48 years give {48 + 12} = 60 = 4 odd days.

[∵ For ordinary years → 48 odd days and for leap year 1 more day (48 ÷ 4) = 12 odd days; 60 = 7 × 8 + 4]From 1st January to 15th August 1949

Odd days :

January – 3

February – 0

March – 3

April – 2

May – 3

June – 2

July –3

August – 1

17 => 3 odd days.

∴ 15th August 1949 → 1 + 4 + 3 = 8 = 1 odd day.

This means that 15th Aug. fell on 1st day. Therefore, the required day was Monday.

**Example 7**

**7. How many times does the 29th day of the month occur in 400 consecutive years?**

**Sol.** In 400 consecutive years, there are 97 leap years. Hence,in 400 consecutive years, February has the 29th day 97 times and the remaining eleven months have the 29th day 400 × 1100 = 4400 times

∴ The 29th day of the month occurs (4400 + 97) or 4497 times.

**Example 8**

**8. Today is 5th February. The day of the week is Tuesday. This is a leap year. What will be the day of the week on this date after 5 years?**

**Sol.** This is a leap year. So, next 3 years will give one odd day each. Then leap year gives 2 odd days and then again next year give 1 odd day.

Therefore (3 + 2 + 1) = 6 odd days will be there.

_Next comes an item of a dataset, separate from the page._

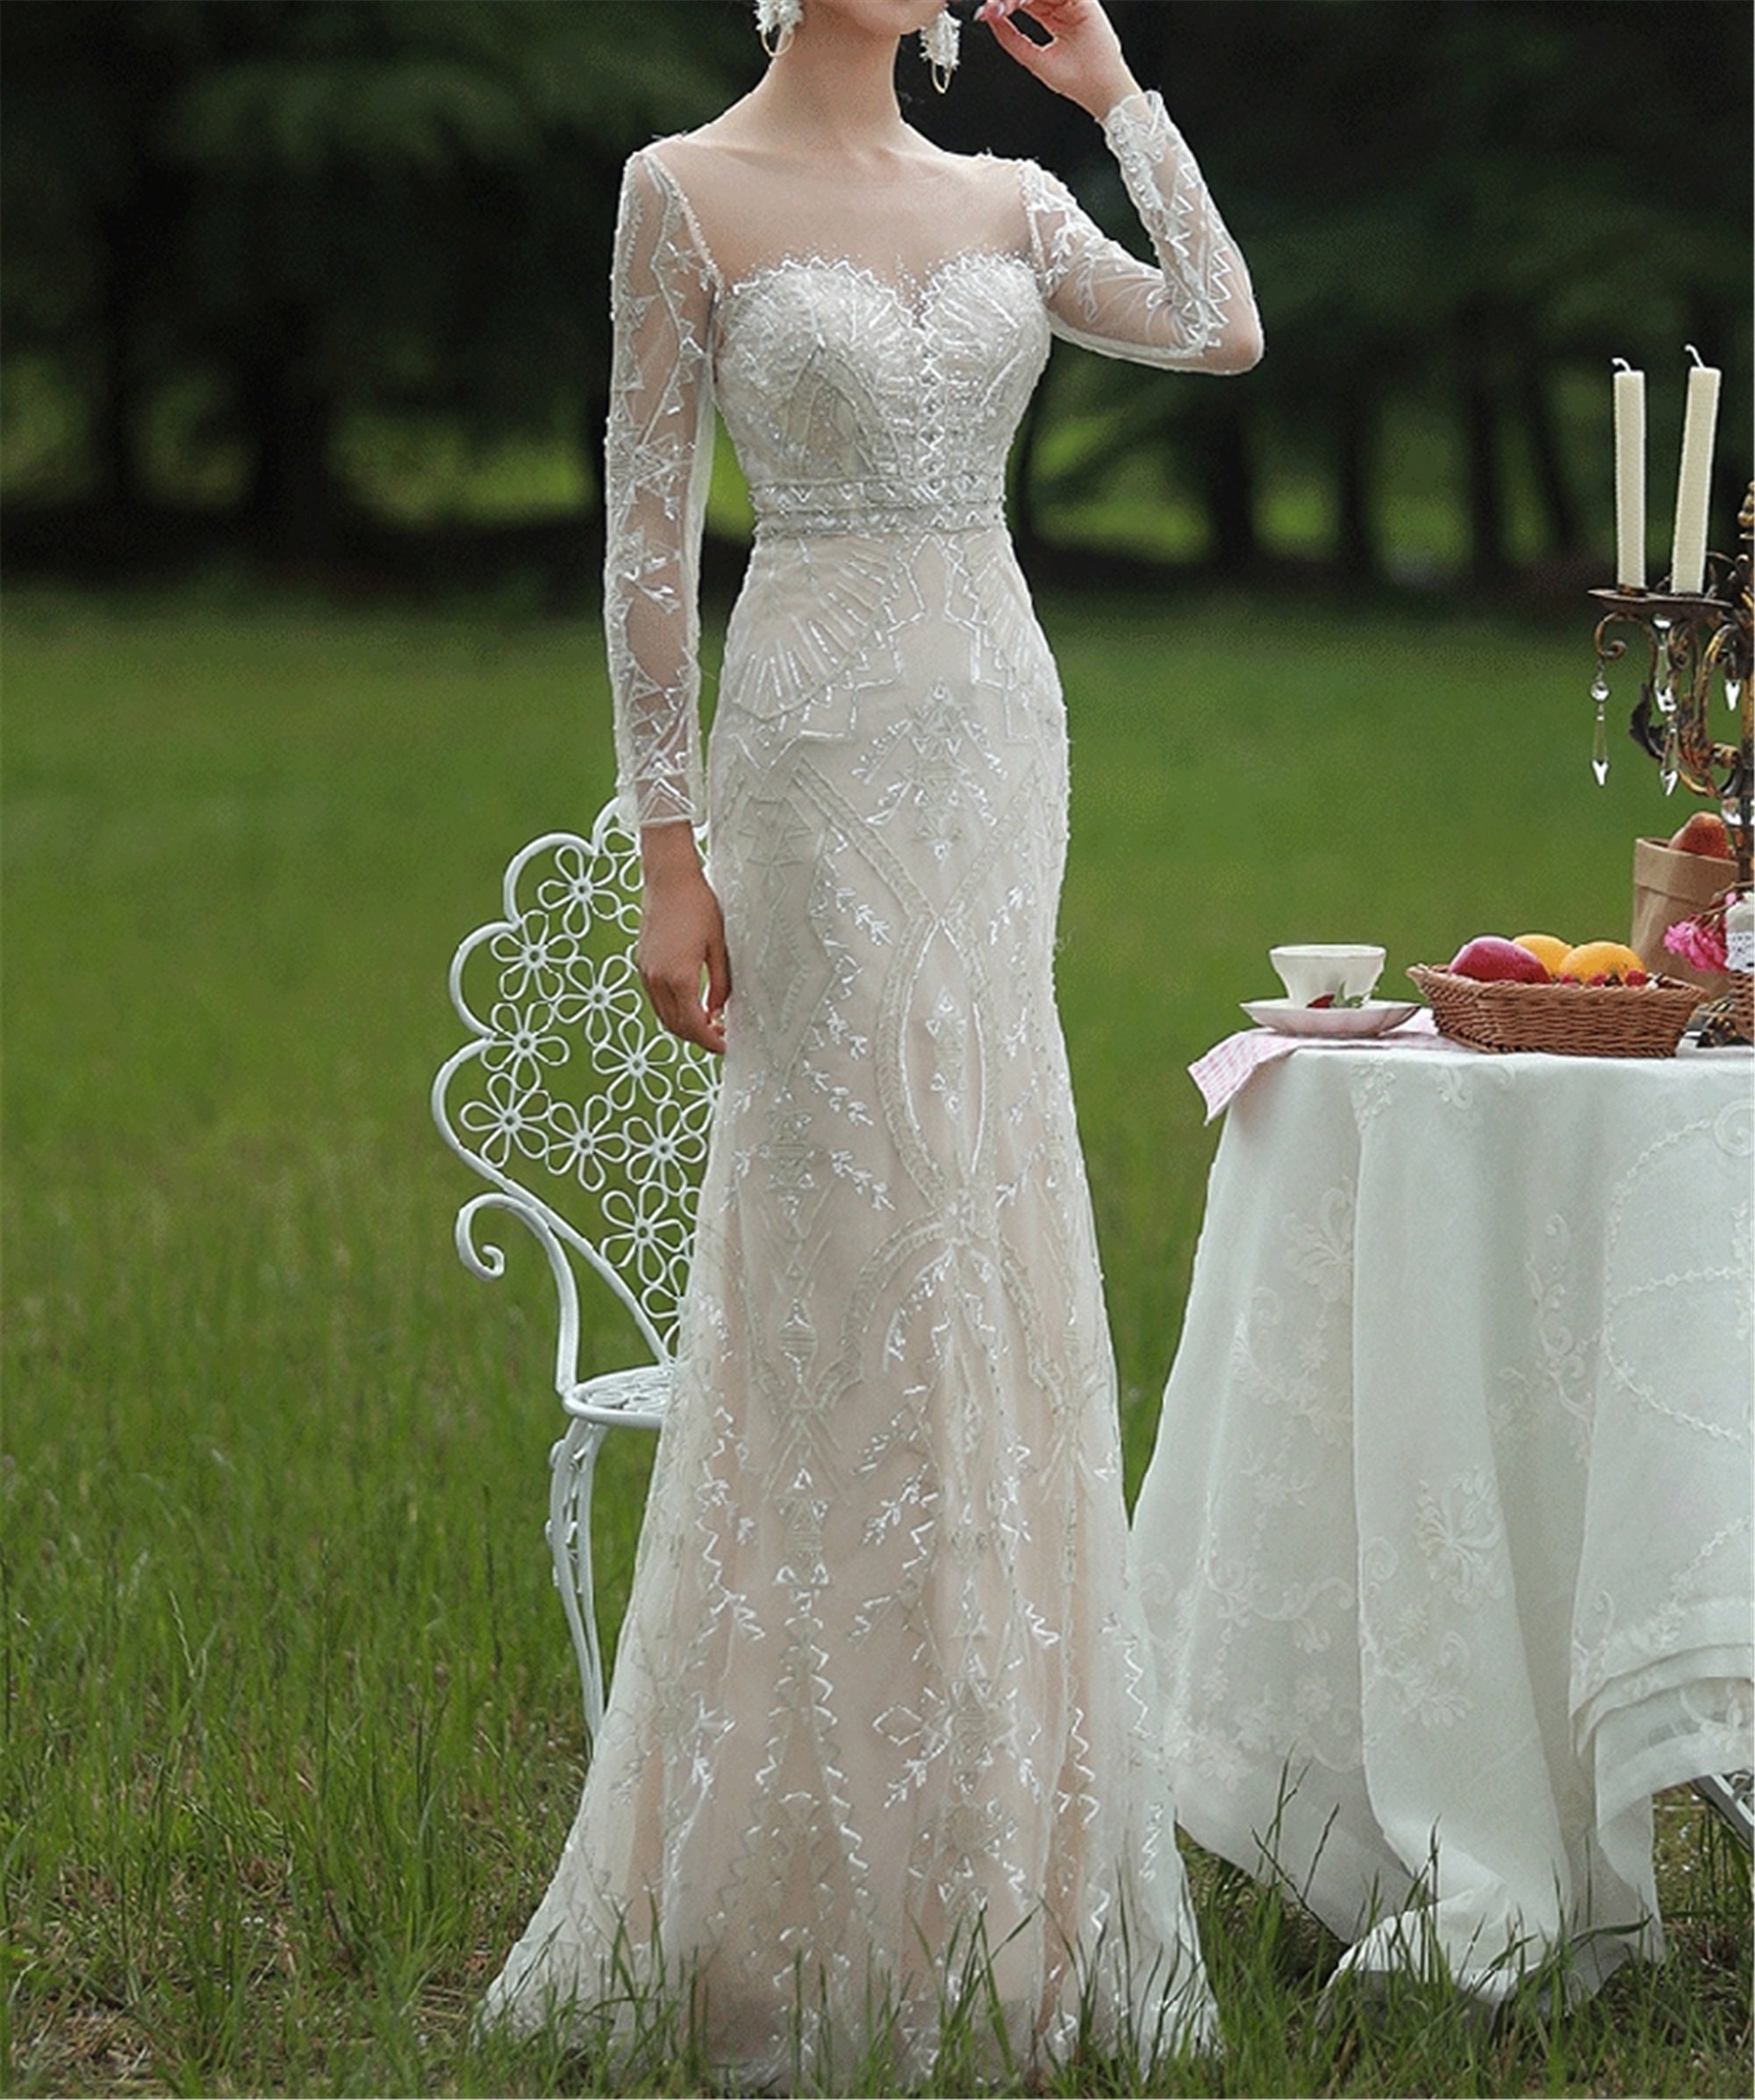 Wedding Dress Long Sleeves Mermaid Bridal Gowns Lace Bride Dresses Wedding Gown with Belt 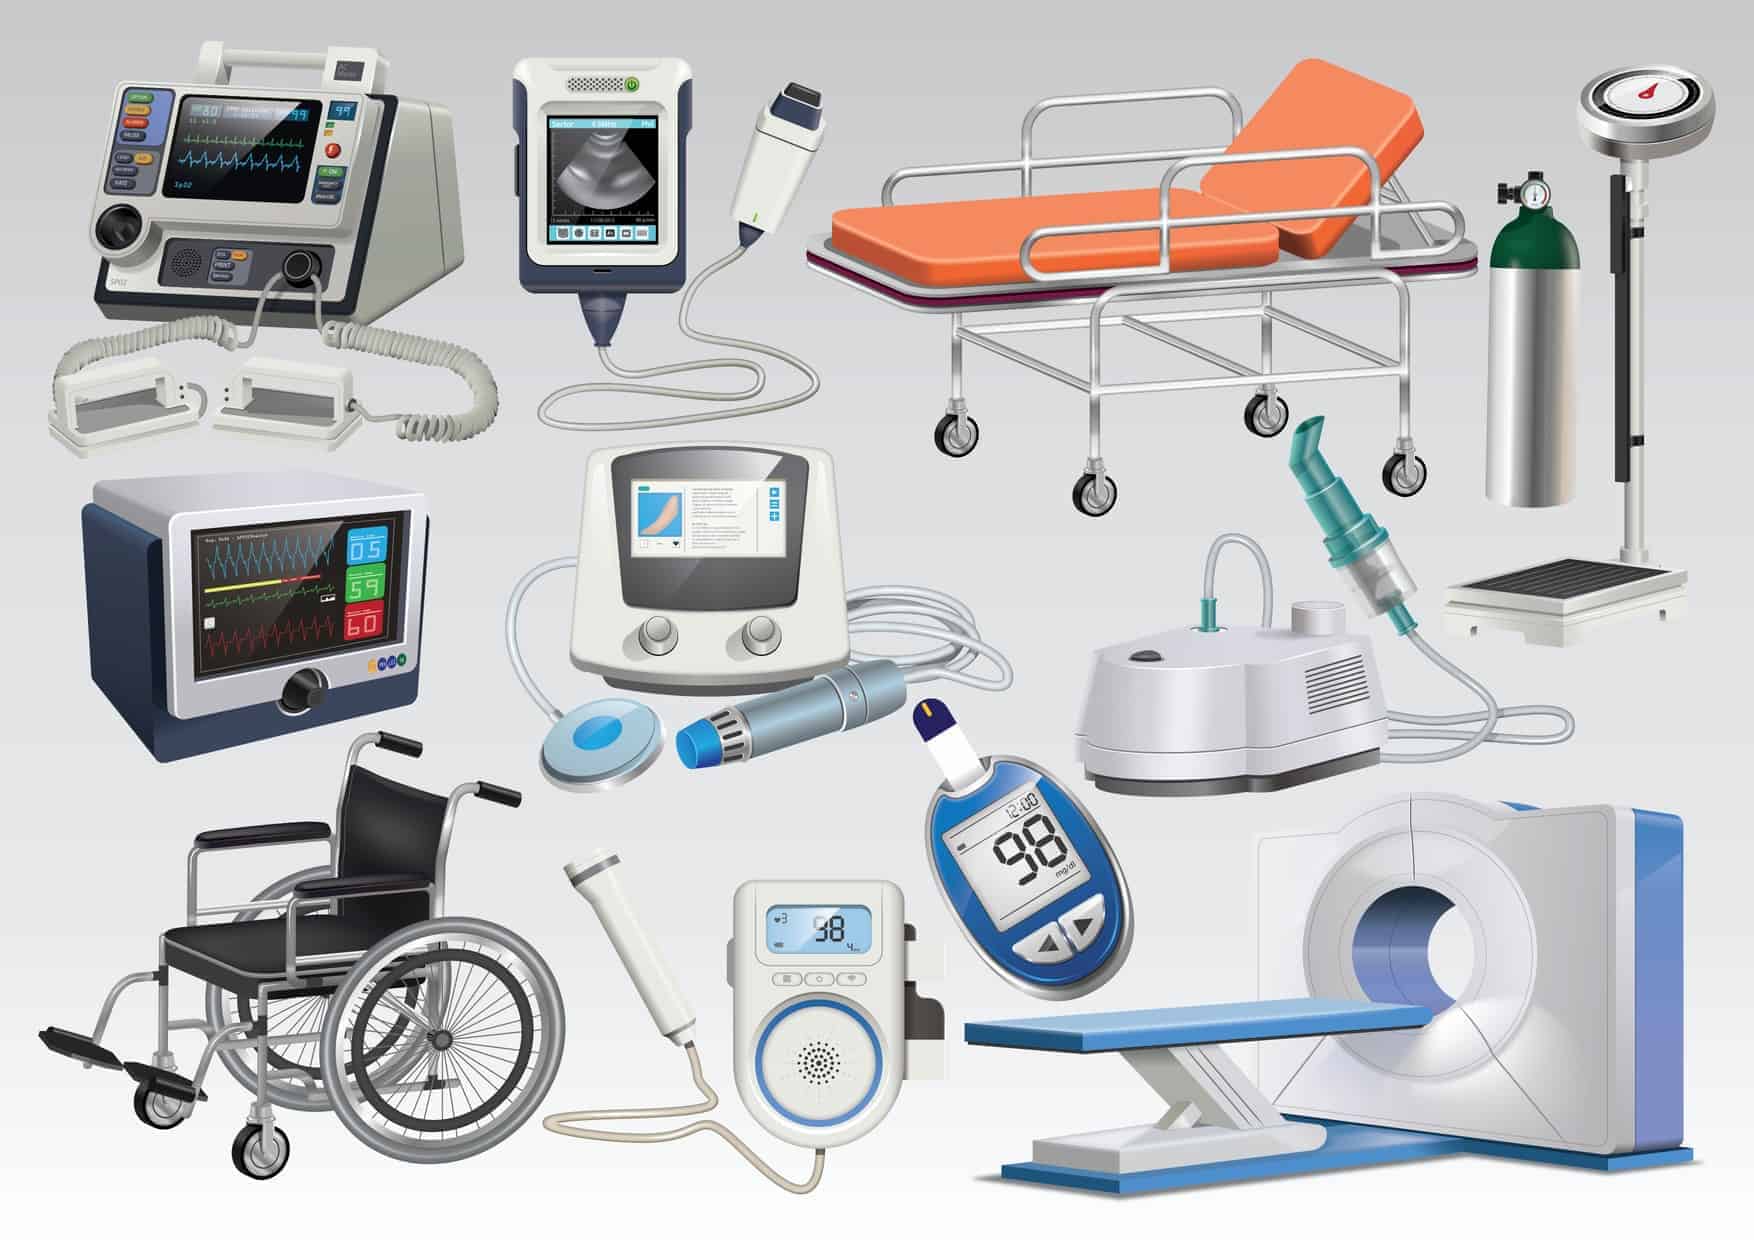 How Do You Know Home Medical Equipment Is Certified?

Hence the day of the week will be 6 odd days beyond Tuesday, i.e., it will be Monday.

**Example 9**

**9. What day of the week was 20th June 1837 ?**

**Sol.** 20th June 1837 means 1836 complete years + first 5 months of the year 1837 + 20 days of June.

1600 years give no odd days.

200 years give 3 odd days.

36 years give (36 + 9) or 3 odd days.

1836 years give 6 odd days.

From 1st January to 20th June there are 3 odd days.

Odd days :

January : 3

February : 0

March : 3

April : 2

May : 3

June : 6

-----------------

17

Therefore, the total number of odd days = (6 + 3) or 2 odd days.

This means that the 20th of June fell on the 2nd day commencing from Monday. Therefore, the required day was Tuesday.